There are four web apps that I’d miss if I wasn’t able to use them. There are alternatives, but I’ve grown accustomed to them, and so have the people I communicate with.

Netvibes is my first because it allows Elemental to collate all the best RSS feeds across the web and share them internally and also with clients and many other parties that we liaise with.

With the advent of Netvibes Ginger we delve further and use the little extras that make amassing and keeping check on what is transpiring on the web a lot quicker.

Skype is my preferred IM of choice because of VoIP and video calling, which I use a lot, and it tends to be the IM of choice by many of the people we need to connect with – although I also keep Trillian running in the background (my second), as there are clients using AOL, Yahoo, and MSN and it allows me to run them all through one client.

Snipr is my third and great for shortening URLs, but if you spend the time to create a login and profile you can manage what you have snipped more easily, amending them if the website address changes for example (something you can’t do with similar apps). It’s a neat little tool and useful when emailing or posting back to social networks etc., when you have those dirty long website addresses that seem to wrap forever.

My absolute favourite web app at the moment (and is something that I’ve been using for a number of years) is extremely simple, but very important for me.

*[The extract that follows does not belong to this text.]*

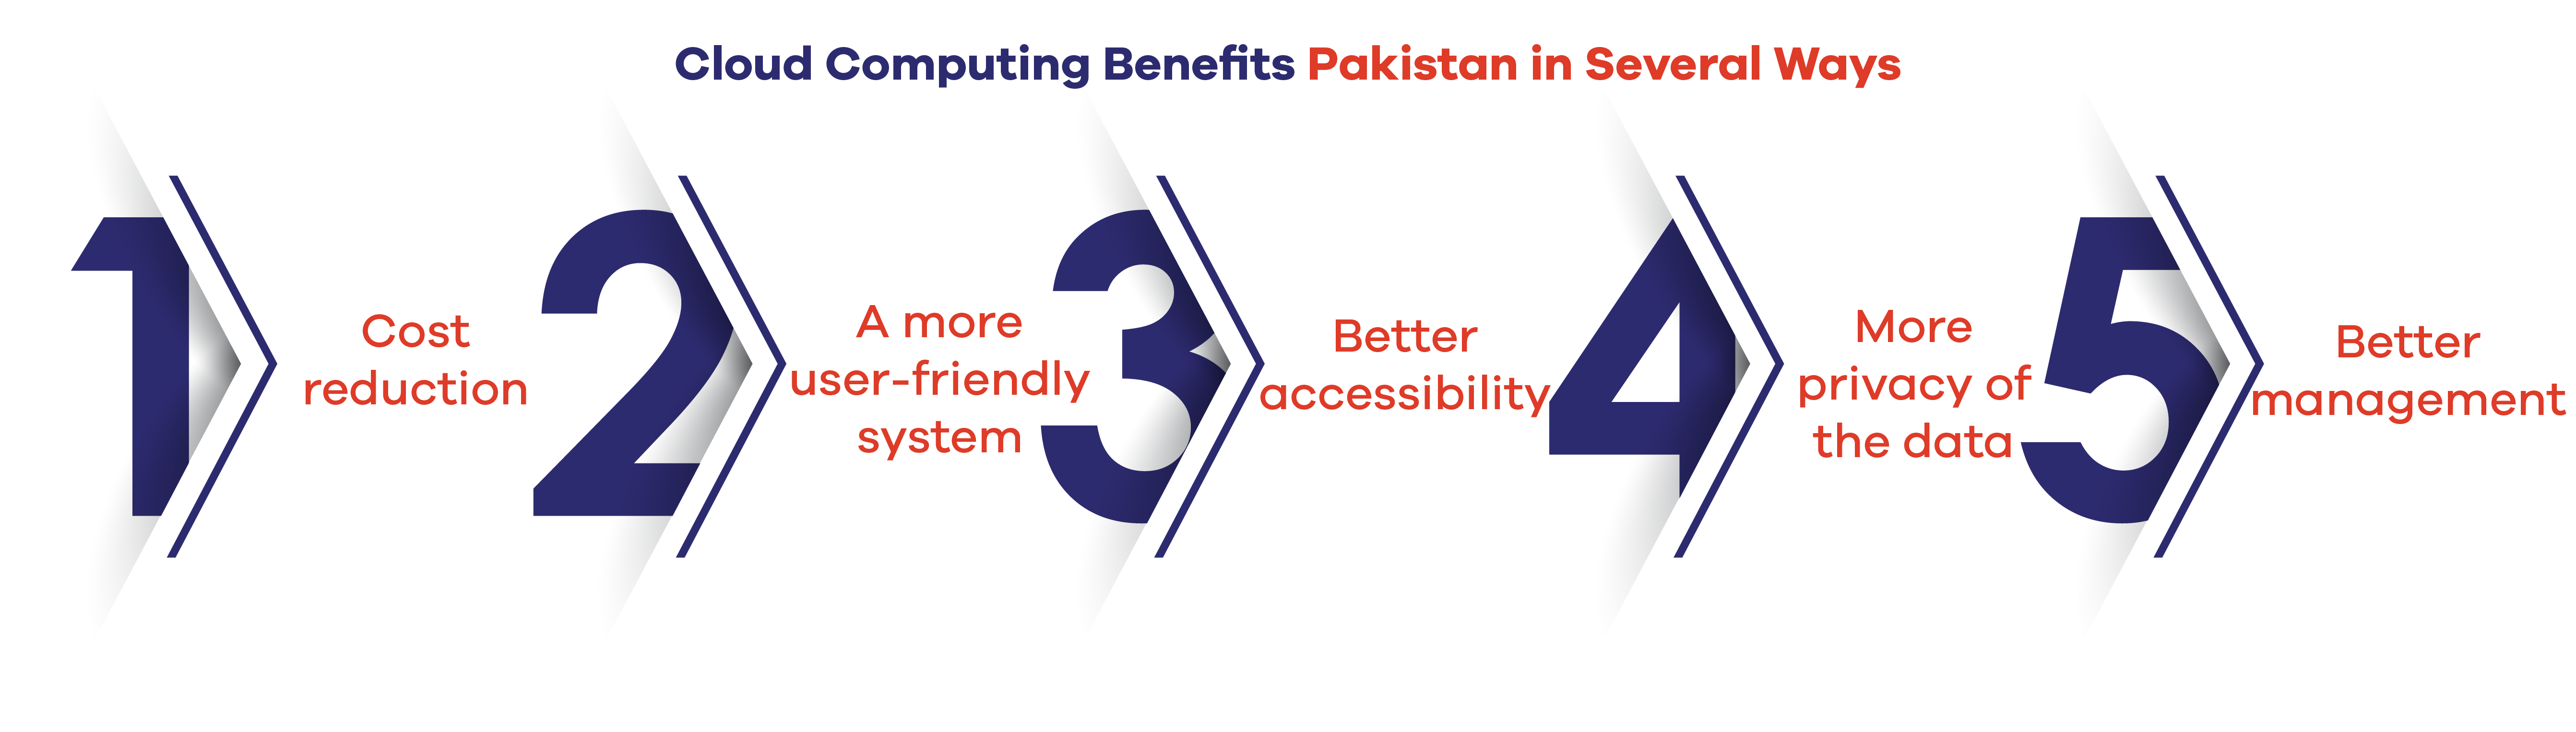 Cloud Computing Benefits Pakistan in Several Ways

Time and Date is my fourth because with people in Australia, Estonia, Denmark, France, Holland, Poland, and the USA I need to ensure that I am not calling them out of hours. You can create your own applet, and I quite proudly have my time zones in a Mozilla tab to refer to when needed.

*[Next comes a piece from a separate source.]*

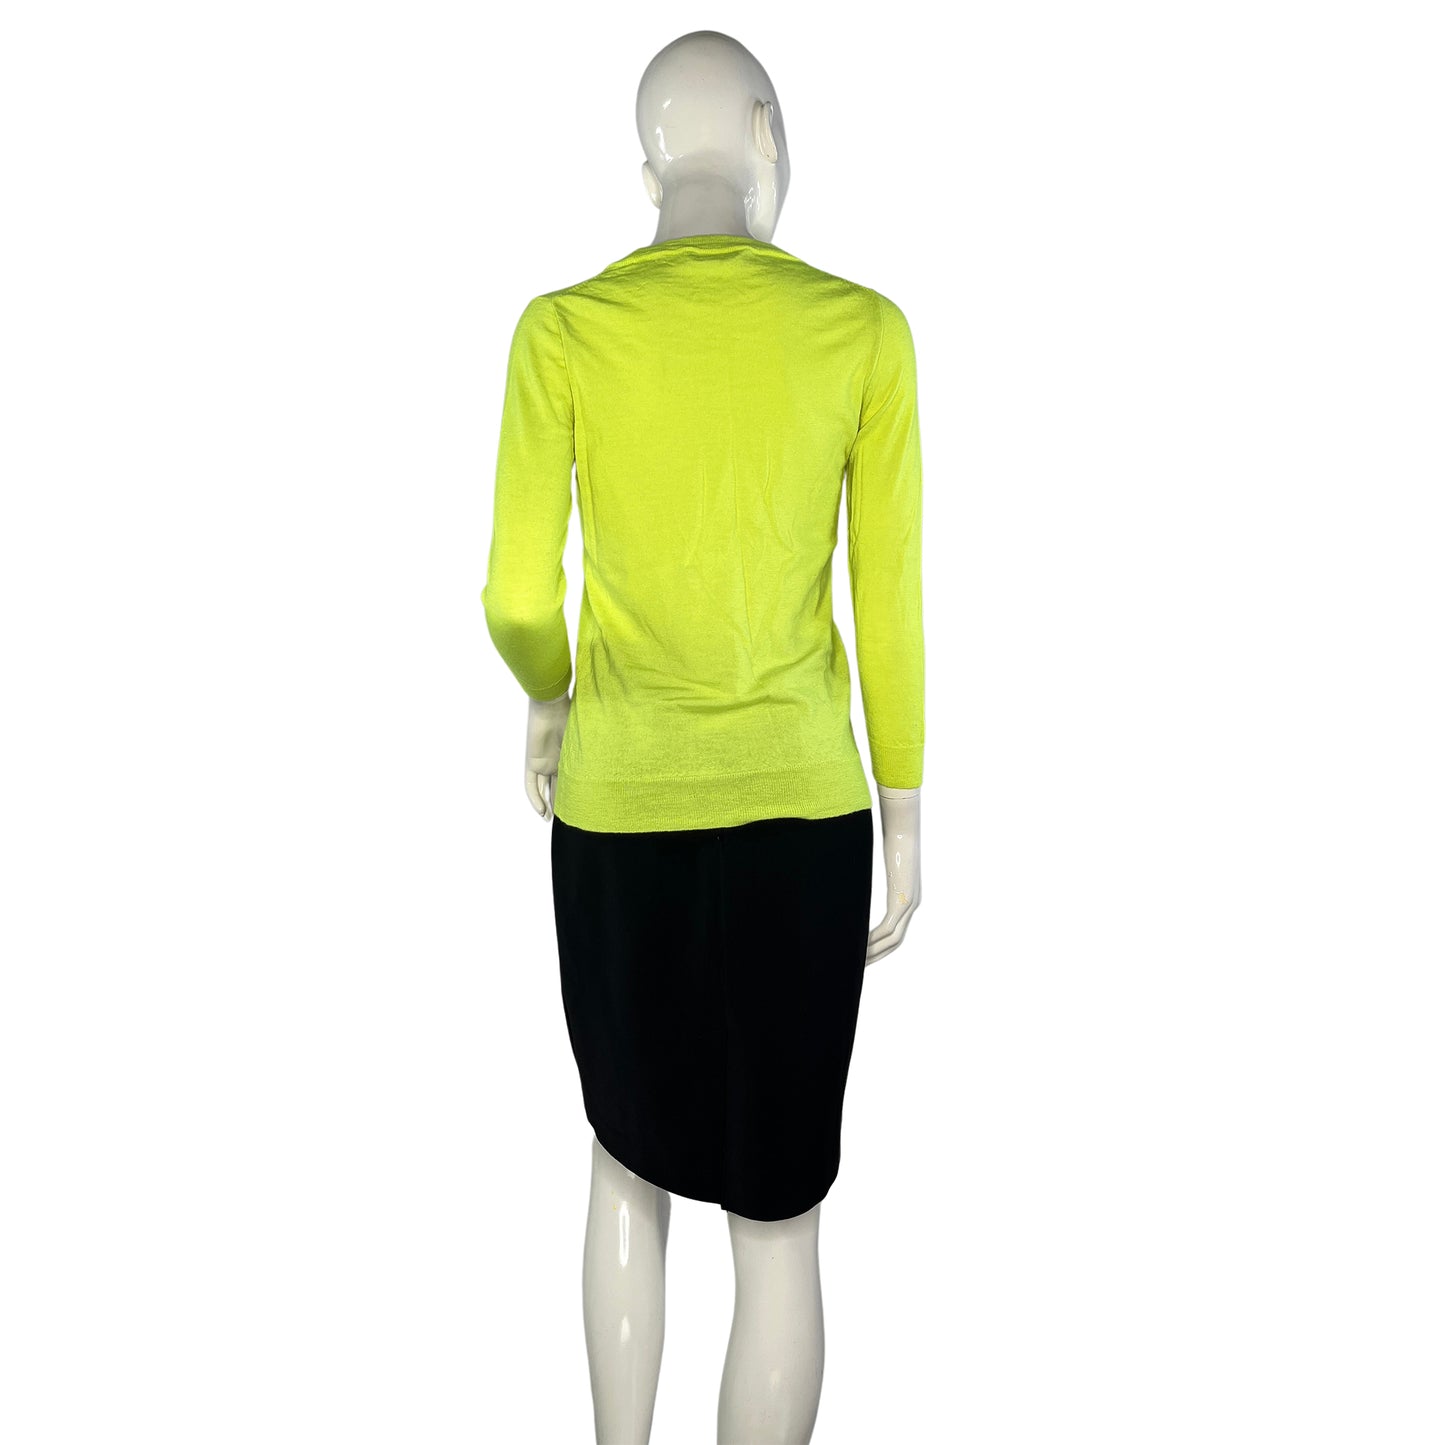 J. Crew Sweater Pull Over Neon Yellow Size S/ XS SKU 000226-2

Tim is founder/director of Elemental Communications

PART TWO



 

Comments

Ian B. / 27/05/2008 / 08:21 / http://www.lern2play.com

Voixio.com could become a Skype killer if they have some money in the back, otherwise they won't be around for very long time.

Sarunas / 27/05/2008 / 08:56 / http://sarunas.mikelevicius.lt

Definitly Gmail, and all G integrated appilcations (G Analytics, G Docs ...)

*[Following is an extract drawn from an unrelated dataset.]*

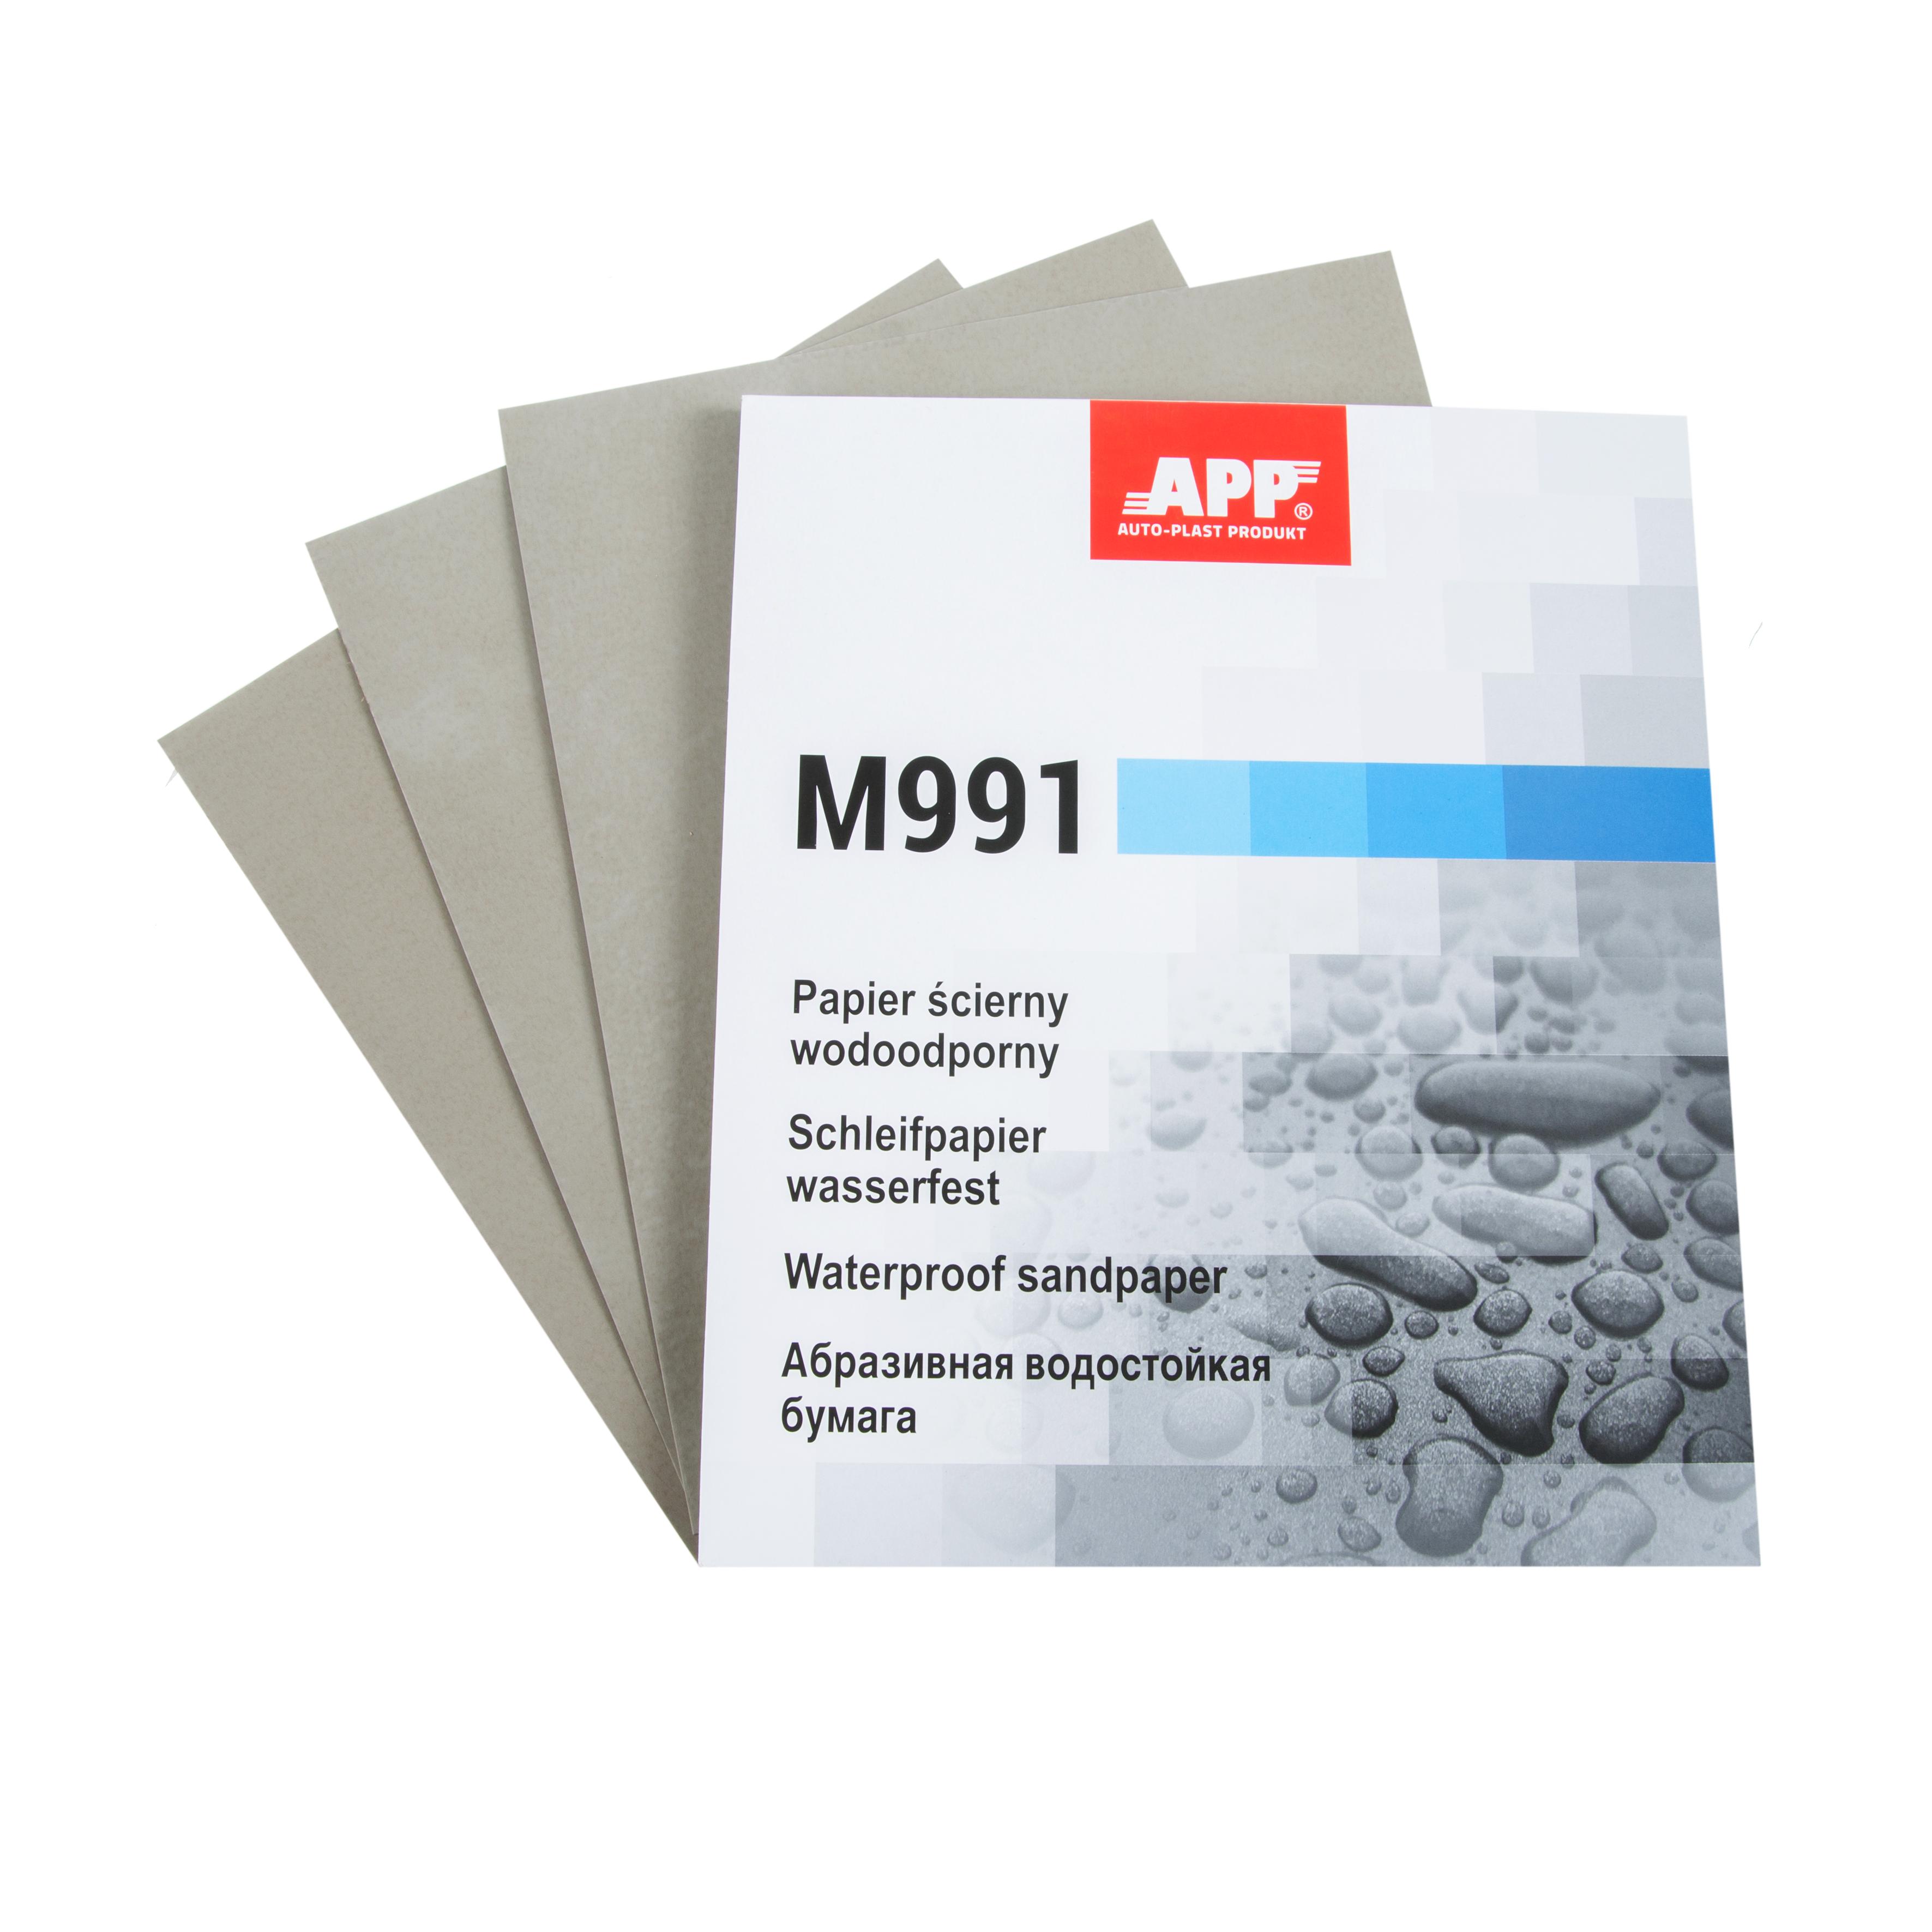 APP 40MW5000 Schleifpapier M991 wasserfest P5000 blau 230 mm x 280 mm 50 Stück | Wasserschleifpapier WP waterproof Blätter Sheets

Dan / 27/05/2008 / 14:20 / http://silvertankard.wordpress.com

As much as I'd like to declare my love for some obscure little app, I have to jump on the Google bandwagon and say having an iGoogle homepage. Even though it's so distracting that I never get any work done...

Sondra / 01/06/2008 / 16:06 / http://www.sondrasneed.com

Google Apps especially Google Docs. Working with teams around the city or around the world, we are able to edit the same document without creating volumes of untraceable emails or authors of edits. It's brilliantly simple even for technophopes on the team.

As Google has been from the beginning, immensely important.

Derek Organ / 05/06/2008 / 13:41 / http://1timetracking.com

Gmail (mobile version), rescuetime, skype, sugarsync

I absolutely love sugarsync at the moment.


for business
Blinksale (http://www.blinksale.com )
1time (http://1timetracking.com )
Basecamp (http://www.basecamphq.com )

david / 27/06/2008 / 17:13 / http://www.fettspielen.de

www.netvibes.com is the best. Disclaimer: I dont work for them. why is it great. Because it organizes RSS Feeds in most efficient manner.

Matt / 01/07/2008 / 09:08

Voixio sounds great but the website says it's temporarily offline at the moment.
Currently i use Gmail as my main web app.